Coffee Shop No.1  has stayed open throughout the conflict. It survives despite the handicap of having to close early because of curfew, but barista Polina Shopina remains bullish.

"There is no difficulty in doing business," she insists. "If a place is good, people will return."

Soldiers are now a vital part of the local economy. /CGTN

Some are returning to Kramatorsk, but not all. Tens of thousands of people left the city and its surrounding villages. In the city's squares, you can't hear the artillery guns or see the effects of street-to-street fighting just 50 kilometers away in Bakhmut – but then, you can't see or hear much in these usually abandoned squares, which typify the emptiness seen in many eastern Ukrainian towns and cities these days.

Quietness isn't the worst of it: Kramatorsk is still a target. On February 1, a missile destroyed an apartment block; dozens of former residents, mostly pensioners, are now forced to rent or borrow apartments elsewhere. 

Alla Tatarovska and her husband Ivan used to be factory workers and had lived in their apartment for decades.

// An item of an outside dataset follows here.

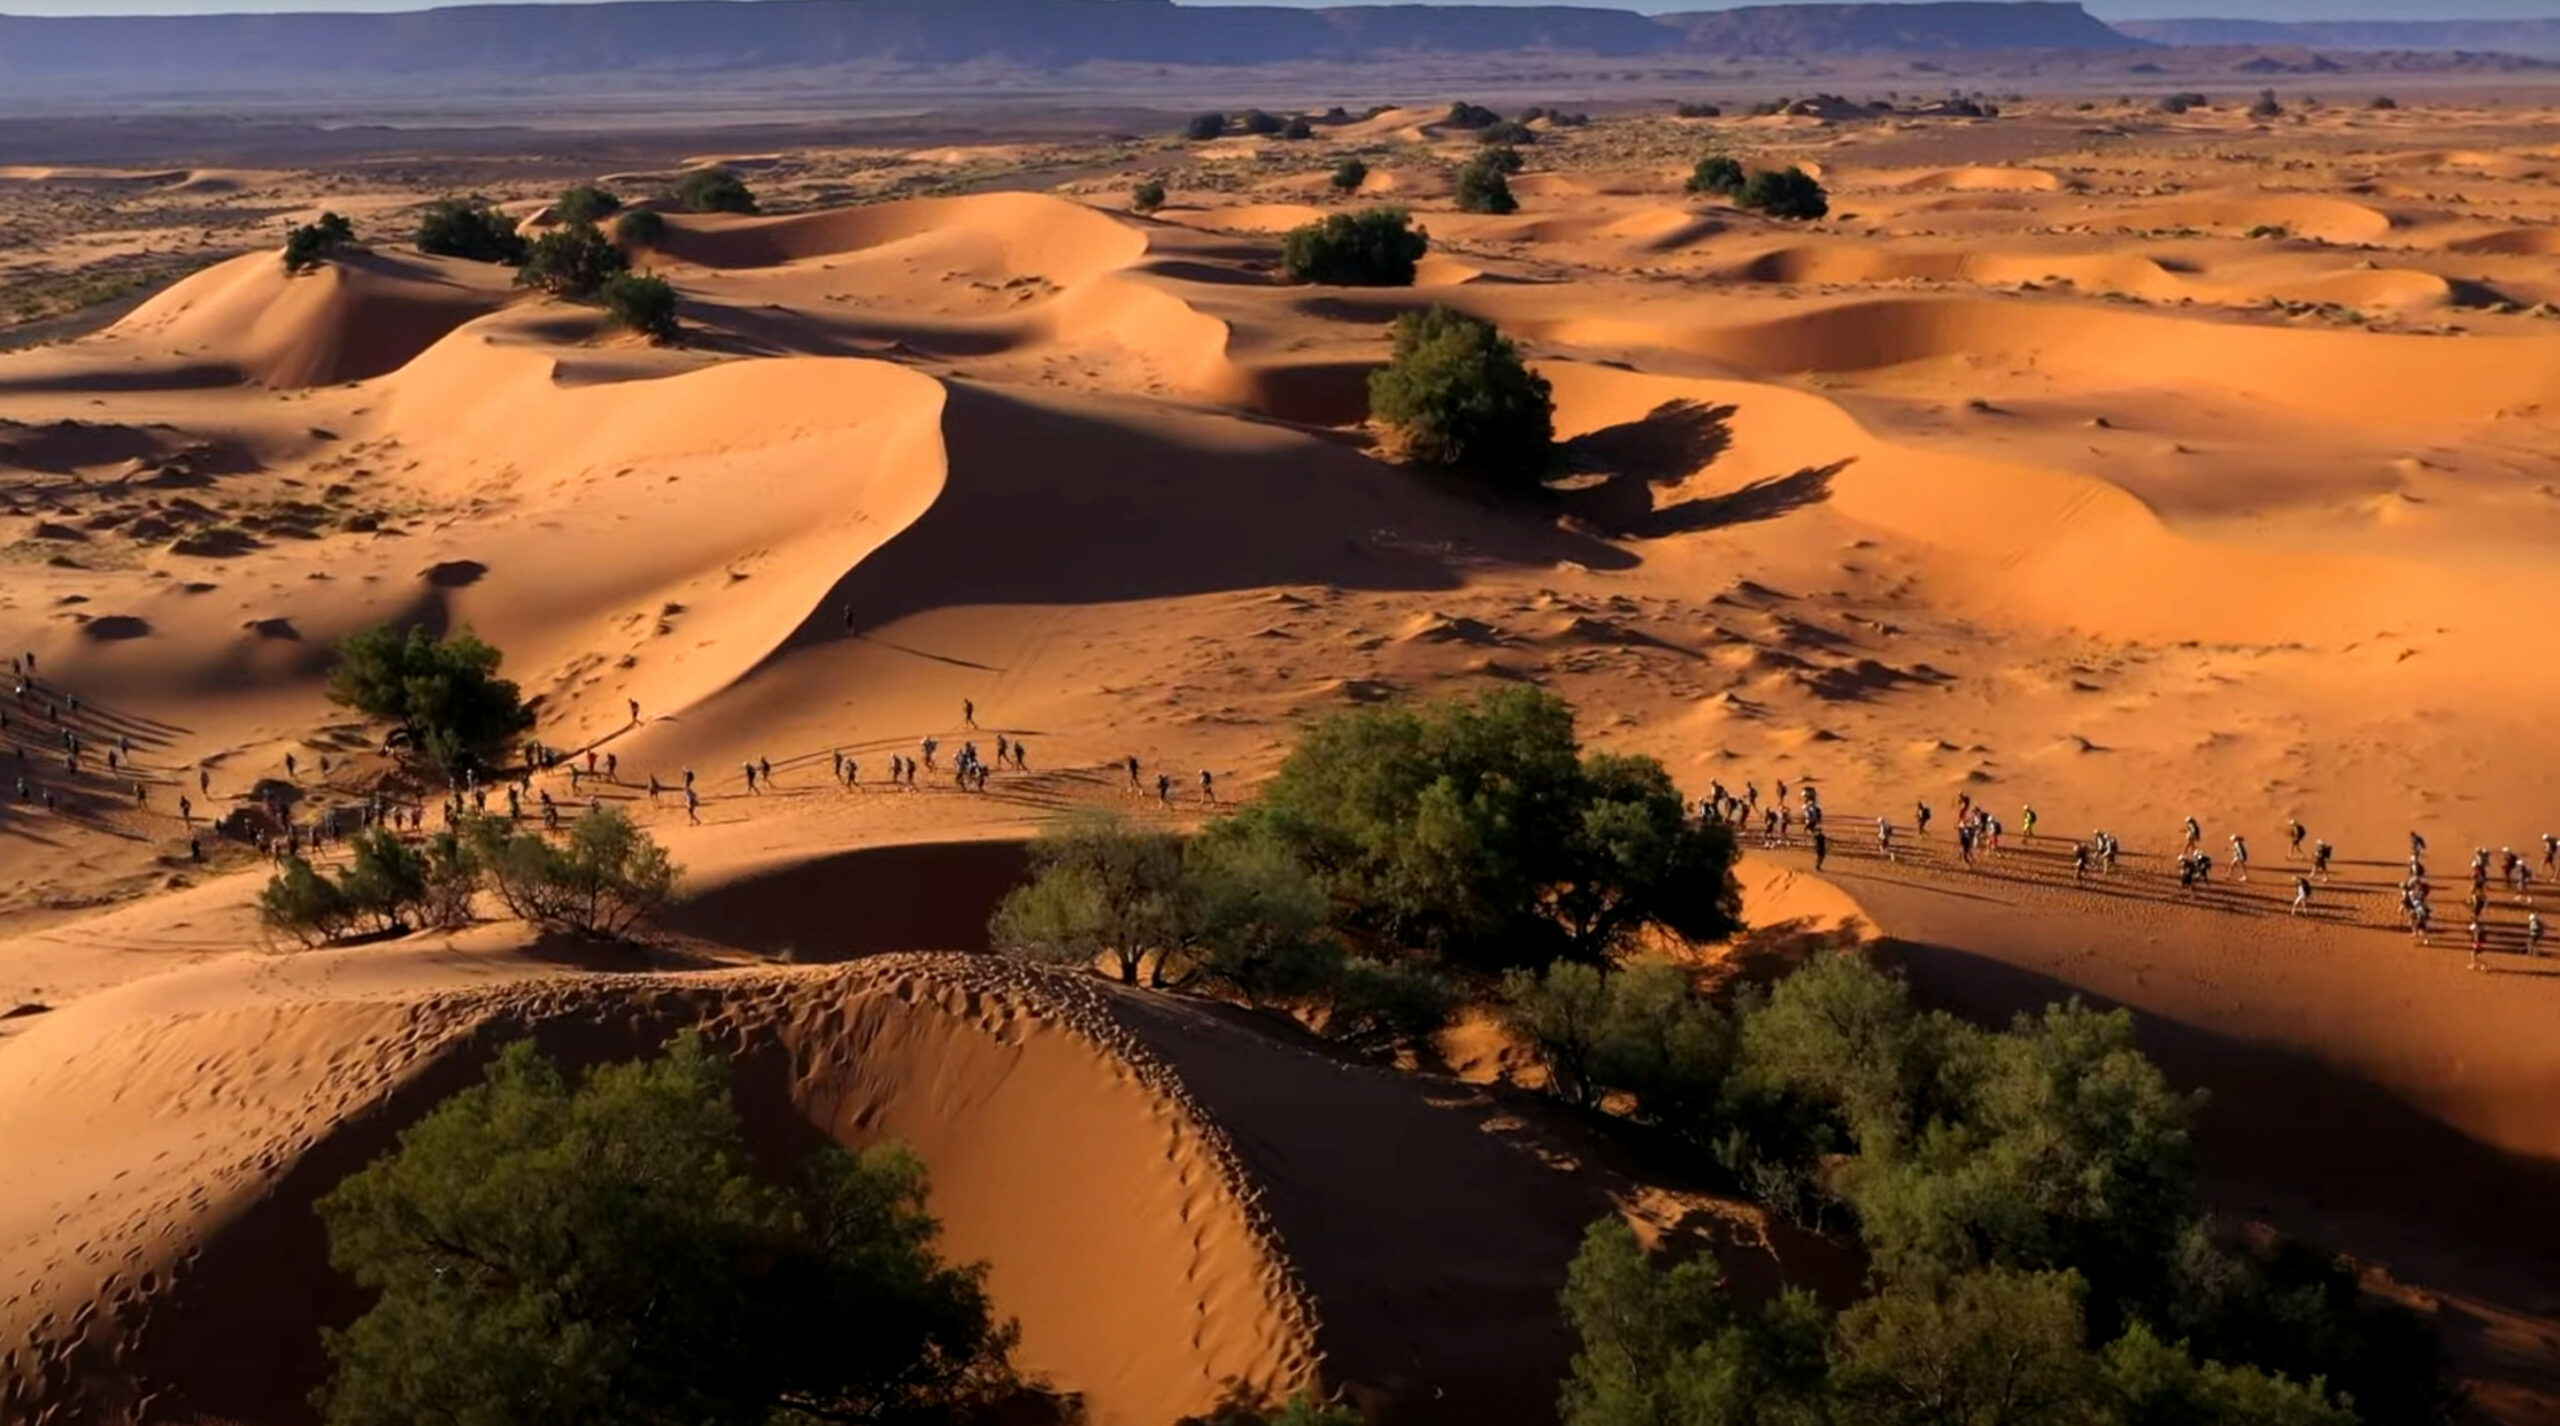 Participantes correndo pelas dunas de areia no deserto do Saara

"I don't even understand how we jumped out, because everything filled up here," says Alla, who is 64. "I saw my husband, he was covered in blood,  and then there was a knock on the door and soldiers and volunteers ran in. They took him to the hospital for trauma treatment. 

"Then my son and I got dressed and a volunteer ran in. We smelled gas, and we left."

People who live and work in Kramatorsk, like many areas in eastern Ukraine, have had to learn to adapt.